## [Records for the task]
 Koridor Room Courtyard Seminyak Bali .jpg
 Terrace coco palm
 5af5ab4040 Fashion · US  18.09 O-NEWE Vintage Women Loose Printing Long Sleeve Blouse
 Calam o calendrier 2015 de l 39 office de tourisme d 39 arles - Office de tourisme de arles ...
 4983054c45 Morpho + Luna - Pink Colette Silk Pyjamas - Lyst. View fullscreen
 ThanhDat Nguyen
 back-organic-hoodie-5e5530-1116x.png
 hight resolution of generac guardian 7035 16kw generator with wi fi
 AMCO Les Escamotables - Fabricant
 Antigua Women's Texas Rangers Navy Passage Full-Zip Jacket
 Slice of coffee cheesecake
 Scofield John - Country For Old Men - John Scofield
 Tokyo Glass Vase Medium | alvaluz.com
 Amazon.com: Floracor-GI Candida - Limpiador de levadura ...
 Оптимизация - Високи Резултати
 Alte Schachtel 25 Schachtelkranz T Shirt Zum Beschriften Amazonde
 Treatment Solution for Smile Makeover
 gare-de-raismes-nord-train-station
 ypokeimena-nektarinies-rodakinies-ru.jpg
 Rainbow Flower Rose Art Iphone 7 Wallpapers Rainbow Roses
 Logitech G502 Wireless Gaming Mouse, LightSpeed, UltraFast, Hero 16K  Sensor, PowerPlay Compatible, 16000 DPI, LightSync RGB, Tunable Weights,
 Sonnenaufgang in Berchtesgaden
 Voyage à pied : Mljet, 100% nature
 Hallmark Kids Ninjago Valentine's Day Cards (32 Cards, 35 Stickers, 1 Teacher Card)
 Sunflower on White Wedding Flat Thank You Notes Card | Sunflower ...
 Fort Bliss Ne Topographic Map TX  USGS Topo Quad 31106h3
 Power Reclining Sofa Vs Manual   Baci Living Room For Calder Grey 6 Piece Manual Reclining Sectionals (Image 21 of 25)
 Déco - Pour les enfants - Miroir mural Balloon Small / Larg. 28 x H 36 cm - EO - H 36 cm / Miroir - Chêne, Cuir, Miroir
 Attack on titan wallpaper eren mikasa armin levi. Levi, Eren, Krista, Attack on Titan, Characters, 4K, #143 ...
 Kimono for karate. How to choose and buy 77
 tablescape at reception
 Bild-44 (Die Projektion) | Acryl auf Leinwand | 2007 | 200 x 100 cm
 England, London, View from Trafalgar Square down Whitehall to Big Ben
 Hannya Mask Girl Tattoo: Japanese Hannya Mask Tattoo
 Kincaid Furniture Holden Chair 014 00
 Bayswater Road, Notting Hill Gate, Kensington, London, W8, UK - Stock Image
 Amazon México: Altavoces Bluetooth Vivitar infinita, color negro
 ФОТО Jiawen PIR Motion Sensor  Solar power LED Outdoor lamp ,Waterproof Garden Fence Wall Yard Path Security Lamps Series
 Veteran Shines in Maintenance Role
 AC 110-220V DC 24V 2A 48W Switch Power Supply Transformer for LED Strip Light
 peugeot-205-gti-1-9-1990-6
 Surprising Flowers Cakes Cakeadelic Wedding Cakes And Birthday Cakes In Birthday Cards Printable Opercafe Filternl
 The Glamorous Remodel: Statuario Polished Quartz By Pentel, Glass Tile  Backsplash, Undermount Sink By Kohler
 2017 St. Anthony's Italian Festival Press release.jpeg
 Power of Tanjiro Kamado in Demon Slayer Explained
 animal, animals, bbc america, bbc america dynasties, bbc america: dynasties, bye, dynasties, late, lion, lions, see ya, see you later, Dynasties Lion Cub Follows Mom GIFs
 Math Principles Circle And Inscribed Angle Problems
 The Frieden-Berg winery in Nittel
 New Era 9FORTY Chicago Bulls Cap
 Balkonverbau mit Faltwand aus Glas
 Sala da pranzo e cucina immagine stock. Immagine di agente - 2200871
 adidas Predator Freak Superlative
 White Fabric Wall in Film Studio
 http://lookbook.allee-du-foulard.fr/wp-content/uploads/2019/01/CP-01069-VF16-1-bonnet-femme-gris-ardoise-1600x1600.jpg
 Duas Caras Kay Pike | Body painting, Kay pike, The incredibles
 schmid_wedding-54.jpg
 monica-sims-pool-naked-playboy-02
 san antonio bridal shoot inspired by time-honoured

## [What to do]
The lines above, starting at the one with "5af5ab4040 Fashion ·" and ending at the one with "Logitech G502 Wireless", are the only ones to return, exactly as written.

## [Expected output]
 5af5ab4040 Fashion · US  18.09 O-NEWE Vintage Women Loose Printing Long Sleeve Blouse
 Calam o calendrier 2015 de l 39 office de tourisme d 39 arles - Office de tourisme de arles ...
 4983054c45 Morpho + Luna - Pink Colette Silk Pyjamas - Lyst. View fullscreen
 ThanhDat Nguyen
 back-organic-hoodie-5e5530-1116x.png
 hight resolution of generac guardian 7035 16kw generator with wi fi
 AMCO Les Escamotables - Fabricant
 Antigua Women's Texas Rangers Navy Passage Full-Zip Jacket
 Slice of coffee cheesecake
 Scofield John - Country For Old Men - John Scofield
 Tokyo Glass Vase Medium | alvaluz.com
 Amazon.com: Floracor-GI Candida - Limpiador de levadura ...
 Оптимизация - Високи Резултати
 Alte Schachtel 25 Schachtelkranz T Shirt Zum Beschriften Amazonde
 Treatment Solution for Smile Makeover
 gare-de-raismes-nord-train-station
 ypokeimena-nektarinies-rodakinies-ru.jpg
 Rainbow Flower Rose Art Iphone 7 Wallpapers Rainbow Roses
 Logitech G502 Wireless Gaming Mouse, LightSpeed, UltraFast, Hero 16K  Sensor, PowerPlay Compatible, 16000 DPI, LightSync RGB, Tunable Weights,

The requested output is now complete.